You can shoulder this burden in two ways—by settling for an increase in the loan tenor by increasing the equated monthly instalments (EMIs).
But which option would make more sense. While on the face of it, increasing the tenor seems to be more cost-effective, it is not actually so. We ran numbers and found out that keeping inflation and tax constant, it makes more sense to increase the EMI in the long run. Increasing the tenor does not increase your immediate expenses, but is costlier in the long run since the total cost of loan, including the interest outgo, increases in this case (see graph).
Increasing the EMI
If you can afford higher EMIs, we recommend you do so because this option is cheaper in the long run. Sample this: you have a loan of Rs 30 lakh at 9% for 15 years; you service the EMIs for six months and then the interest goes up by 1%. If you agree to increase your EMIs, your total cost of loan (principal plus total interest outgo) will go up to around Rs 57.84 lakh from around Rs 54.77 lakh at the earlier rate. But if you choose to increase the tenor to around 17.08 years (including initial six months) instead, your total cost of loan would notch up to around Rs 62.39 lakh. In the same example, if the rate increase is 2%, the cost of loan goes up to around Rs 60.99 lakh if the EMI is increased and around Rs 75.17 lakh if the tenor is increased to 20.58 years (including initial six months).
Says Vipul Patel, director, Home Loan Advisors, an independent mortgage advisory firm, “If the customer can afford it, paying higher EMI is a better option than increasing the tenor on the loan. If the tenor is increased the total cost of the loan grows by a huge amount as compared with when EMI is increased.”
However, increasing the EMI comes with a hassle for both banks as well as borrowers due to administrative and operational reasons.
“When the EMI is increased the customer has to give fresh post-dated cheques (PDCs) or set a new ECS (electronic clearing system) amount,” says R.K. Bansal, executive director, IDBI Bank Ltd.
Increasing the tenor
Banks usually prefer increasing the tenor. While doing this is operationally smooth, it also ensures that banks earn more.
If the tenor is increased and EMI is kept the same, you won’t have to issue fresh PDCs or issue a new ECS mandate.

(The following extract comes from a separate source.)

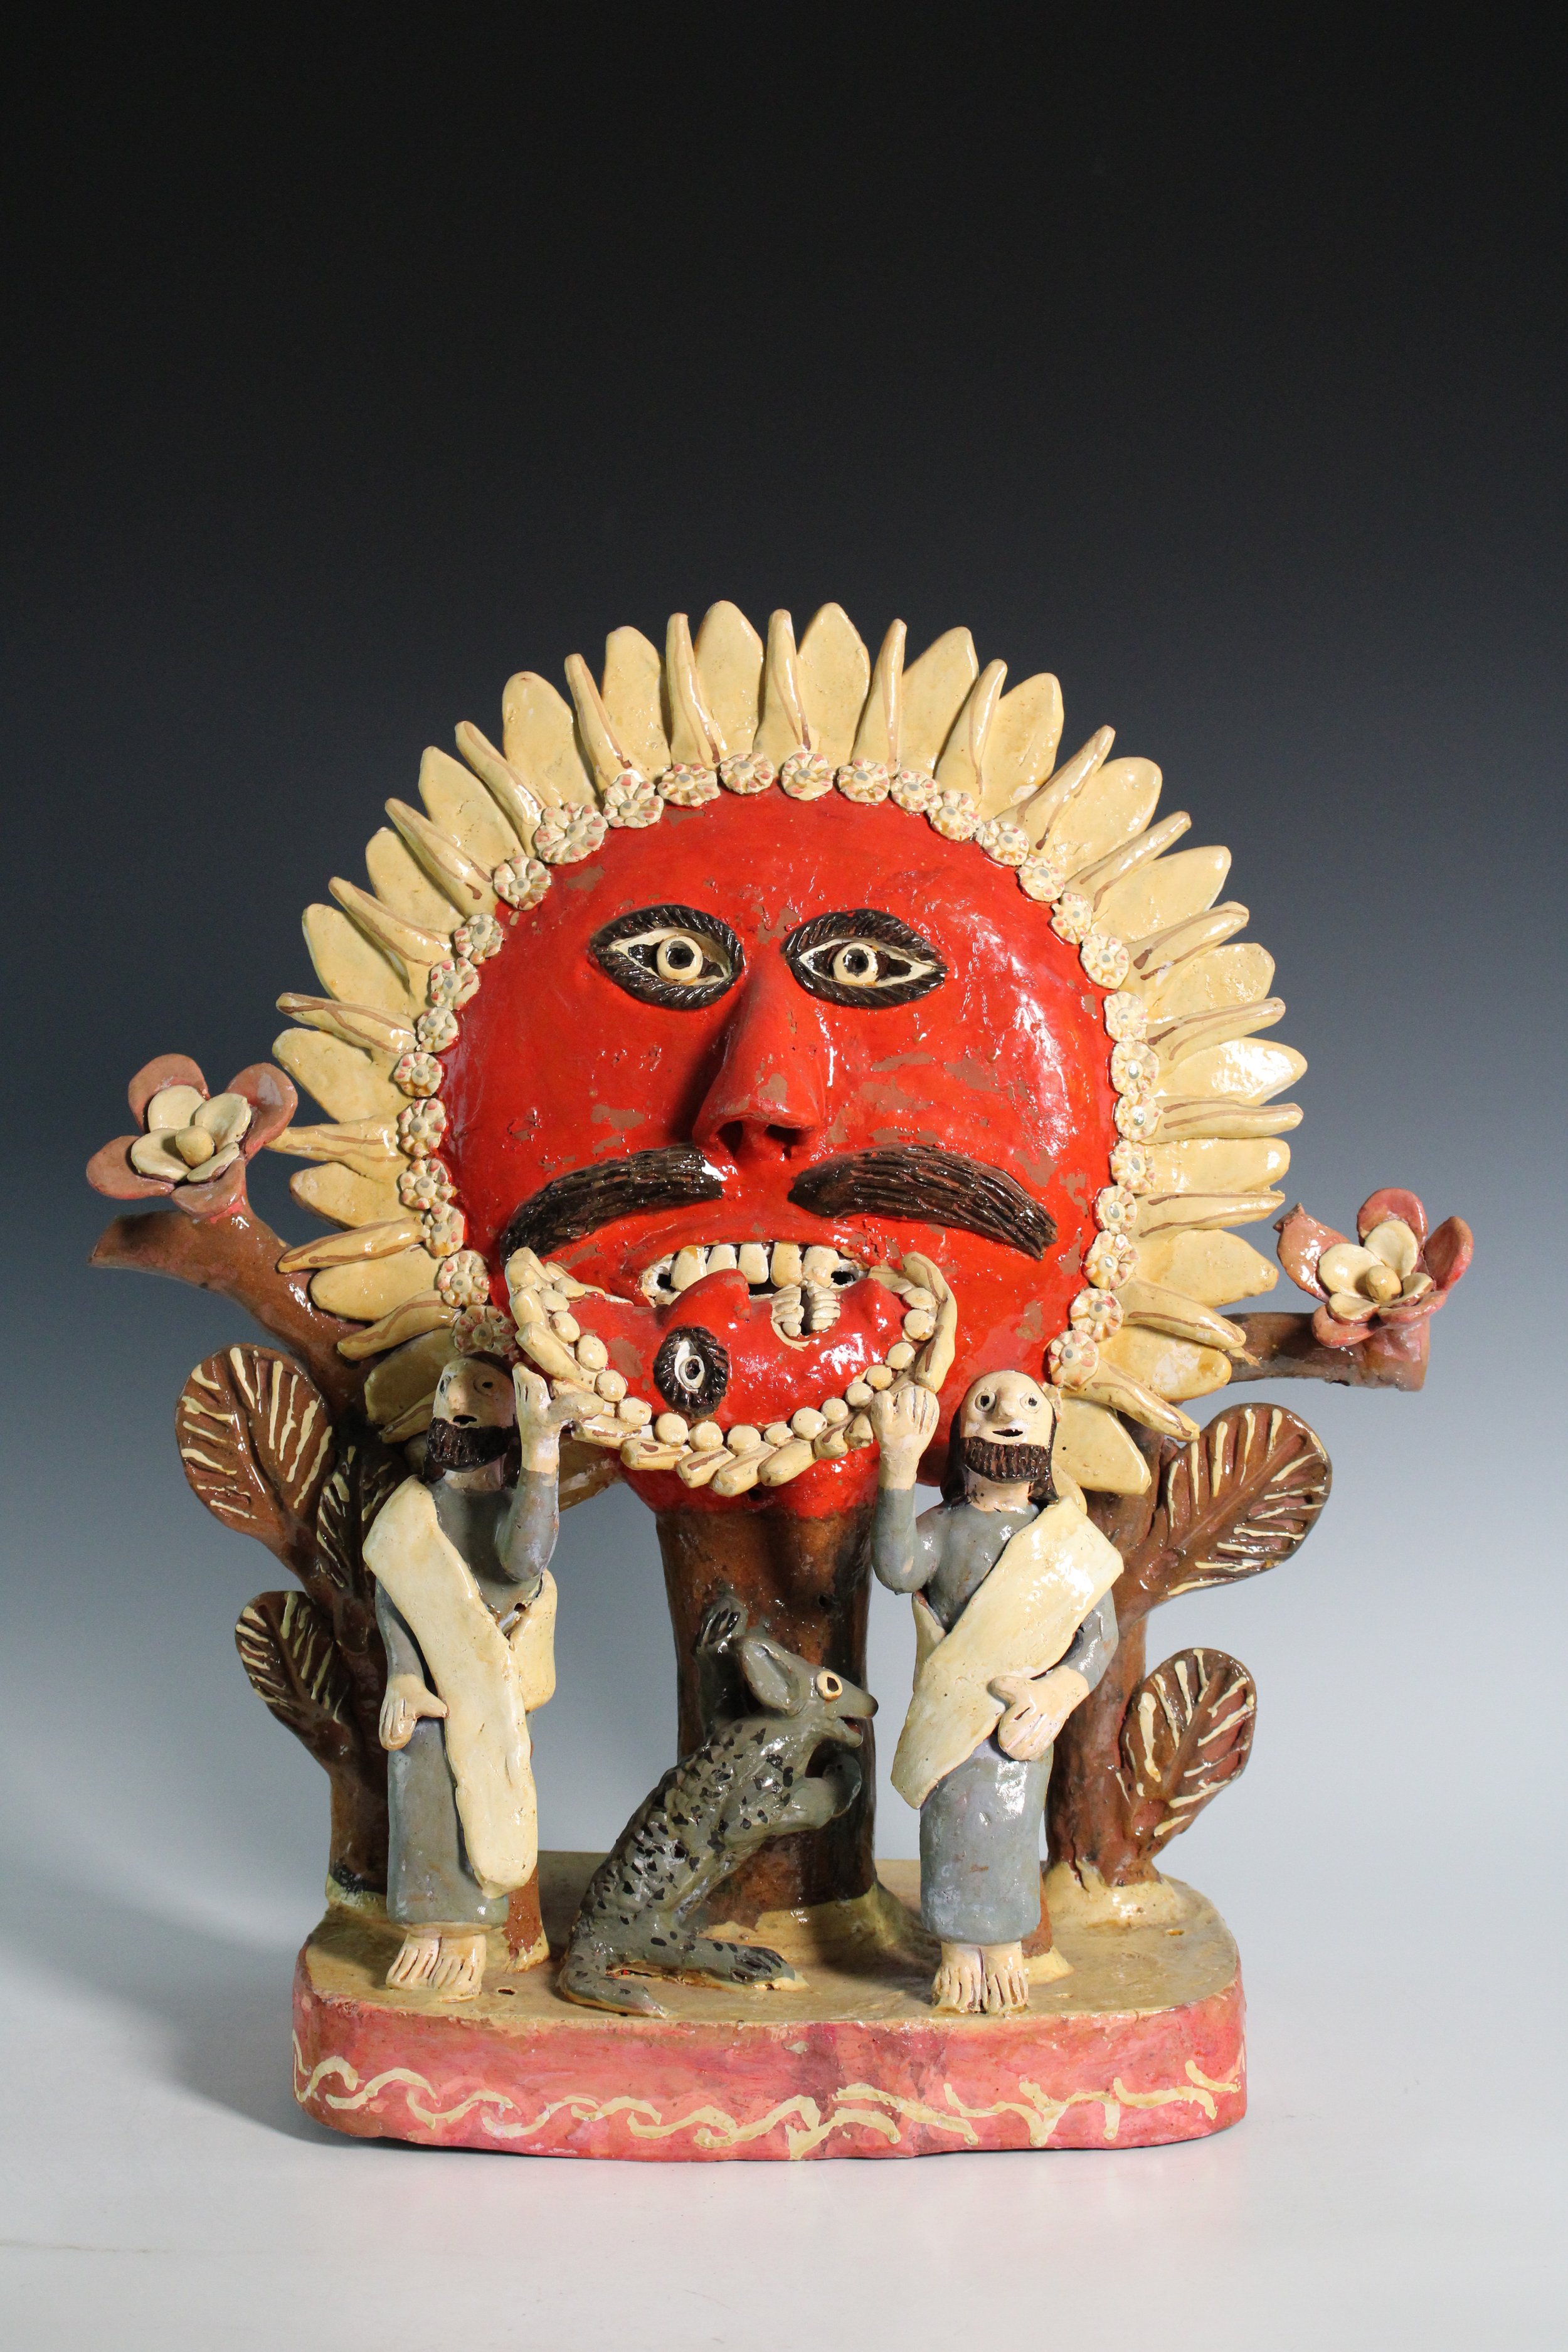 Mexican Folk Art Polychrome Earthenware Sculpture Featuring the Sun, Moon, Flowers, Priests, and a Tuza or Mole, 20th Century

However, if you think increasing your EMIs would mean a severe cash crunch in your monthly household budget, you may want to settle for increase in tenor despite the cost bite. But keep in mind that banks do not extend the loan tenor beyond your retirement age. “The increase in tenor is never beyond the age of 60-65 years of the borrower and also depends on the income,” says Bansal.
There are times when increasing the tenor is not possible and you may have to choose to increase the EMI as well as the tenor.
What else can you do
Switching the lender: If another bank charges a lower rate then it makes sense to switch the loan to that bank, but before doing that you need to keep certain things in mind.
Says Adhil Shetty, CEO, Bankbazaar.com, an online loan portal, “If you plan to switch the loan, don’t just look at lower interest rates. Take into account the pre-payment penalty of the current loan and the processing fees of the new lender. Only if the total cost of loan is lower than your total cost of the current loan would it makes sense to switch.”
Online calculators can help you get the numbers.
Part-payment: If you have the funds, regularly part-pay the principal over and above the EMI. If you can make a lump sum part-payment, even better. Says Patel, “The part payment goes towards the principal amount of your loan. Here, since your principal outstanding amount reduces, even the interest amount you need to pay will reduce. In fact, even as you start part-prepaying the loan, your tenor of the loan will also reduce.”
However, do check with your bank if they charge any part payment fee.
All in all, increasing the tenor would be the most costly for you; opt for it only if you really need to.